The proof-of-concept arrives amid an ongoing and at times bitter dispute between Bitcoin Core and Bitcoin Knots camps over what types of data should be permitted on the Bitcoin network. BIP-110, originally introduced as BIP-444 in October 2025, proposes a temporary one-year soft fork that would cap OP_RETURN outputs at 83 bytes, limit individual data pushes to 256 bytes, and restrict other scripting features that enable large data storage. It was introduced after Bitcoin Core’s v30 release effectively uncapped OP_RETURN data limits earlier that year.

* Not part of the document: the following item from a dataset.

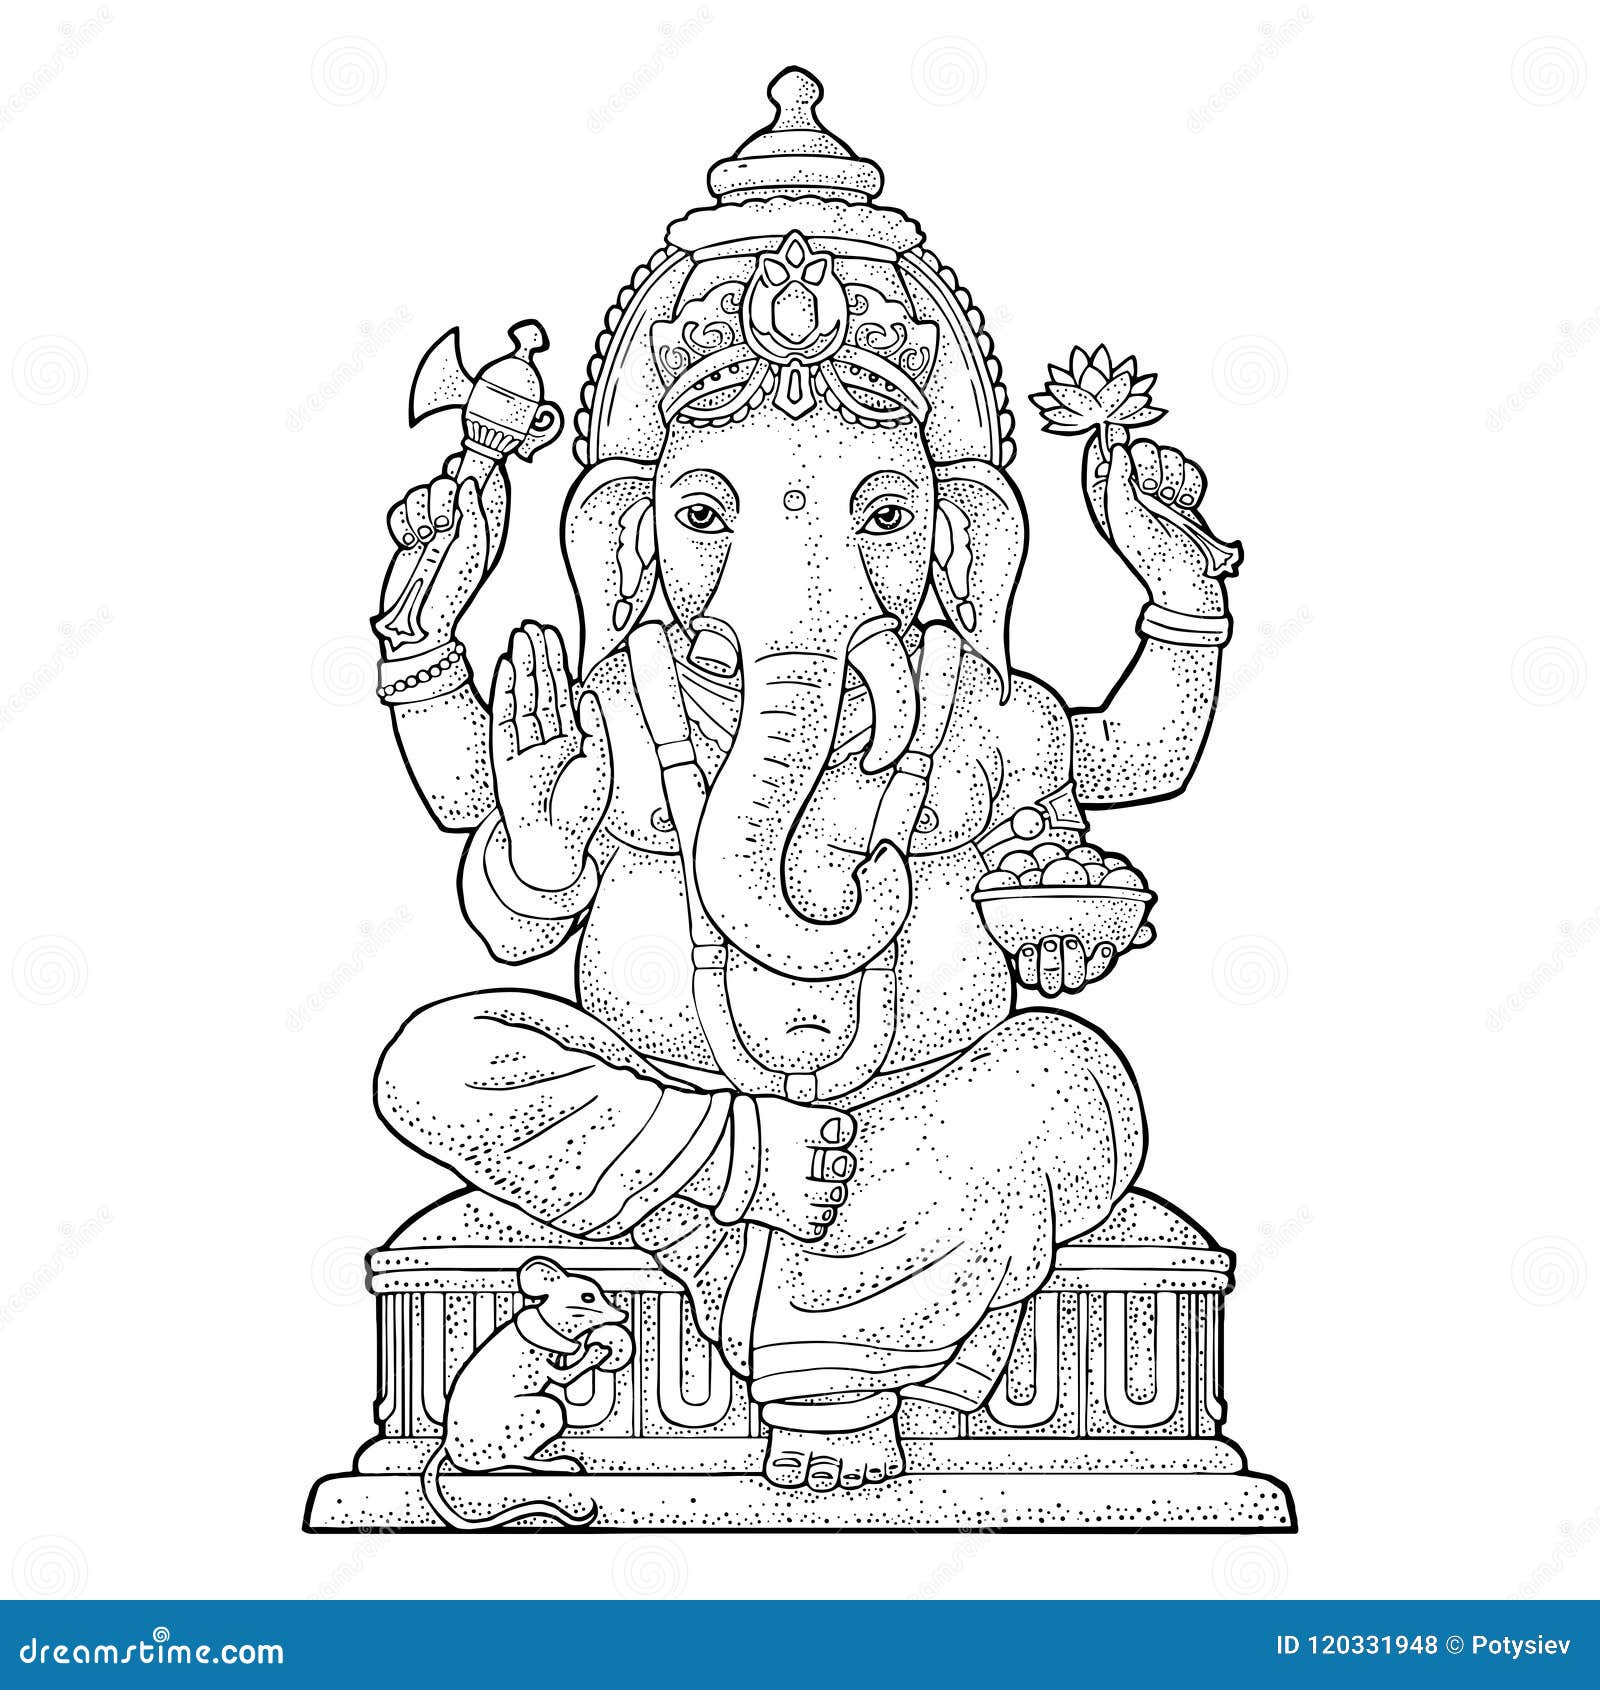 Ganpati with Mouse for Poster Ganesh Chaturthi. Engraving Vintage Vector  Stock Vector - Illustration of culture, ganpati: 120331948

Luke Dashjr, the Bitcoin Core developer who maintains Bitcoin Knots and serves as CTO of Ocean mining pool, has been a vocal proponent of limiting arbitrary data on Bitcoin, calling inscriptions “spam” since 2023. BIP-110 proponents have argued that contiguous data storage creates legal risks for node operators and diverts Bitcoin from its core purpose as money.

In his own posts on X, Dashjr contested the characterization of Habovštiak’s transaction as “contiguous,” writing in one such post, “His spam isn’t and doesn’t contain contiguous images.” 

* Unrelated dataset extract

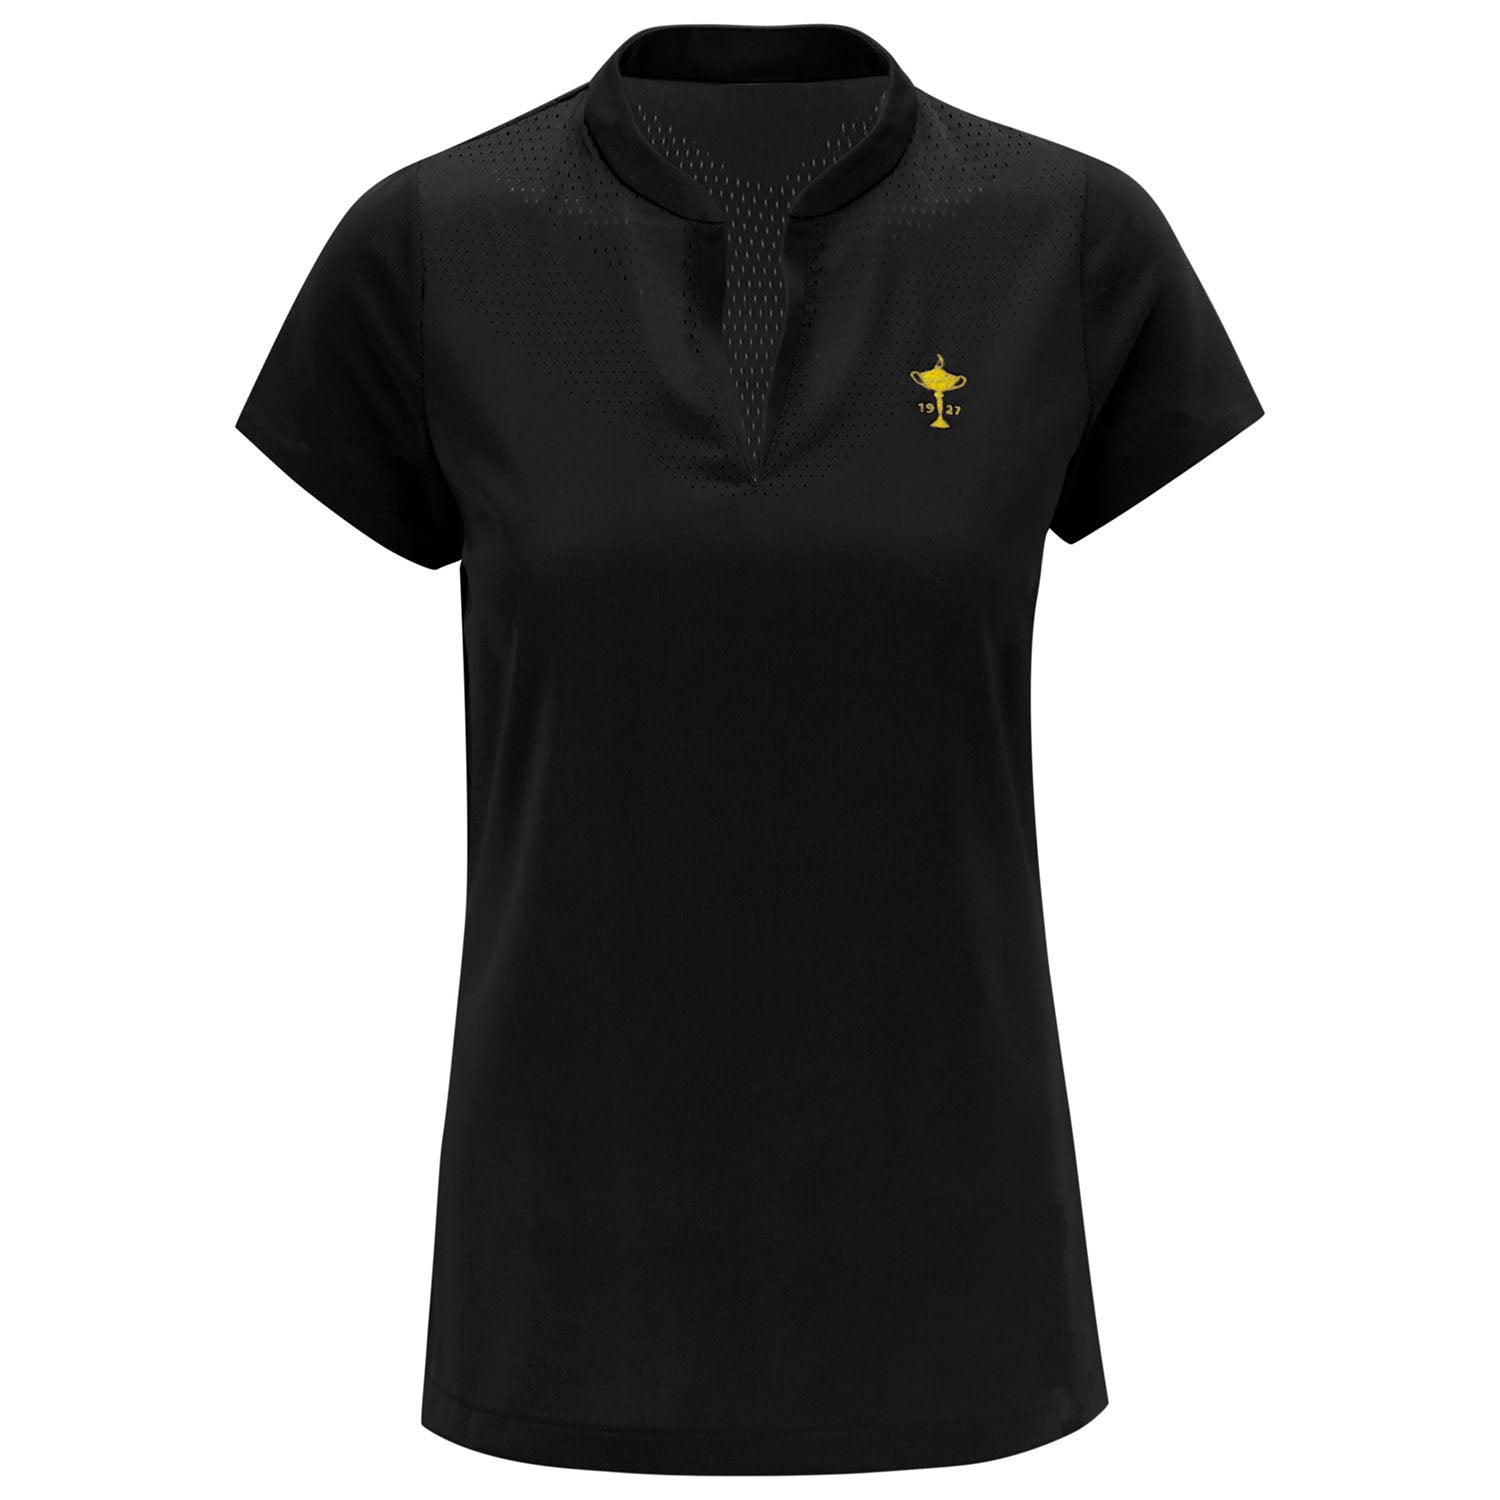 Nike Women's Ace Polo in Black- Front View

About 8.8% of the network is made up of nodes with BIP-110 support, according to data published by The Bitcoin Portal. The proposal is implemented exclusively through Bitcoin Knots, which has seen its node count grow roughly tenfold since the start of 2025.

Habovštiak, a prolific open-source contributor, also produced a BIP-110-compliant version of the image transaction, tested against Bitcoin Knots’ own regtest environment. The compliant version was reportedly larger than the original, which he argued demonstrates that BIP-110’s restrictions would actually increase the total amount of data stored on the blockchain rather than reduce it.

Habovštiak said the project was a one-time effort and that he would not be publishing his code, explicitly to avoid enabling a new wave of NFT-like activity on Bitcoin. He described himself as an opponent of blockchain spam who was motivated by what he considered “untruths” from the Knots camp.

“There’s something I hate much more than spam: Untruths,” Habovštiak wrote. “I tried arguing about this in the past, showed a contiguous image encoded to fit into witness, and yet, the Knots supporters are still saying the same stuff over and over.” The Block could not reach Habovštiak or Dashjr for comment.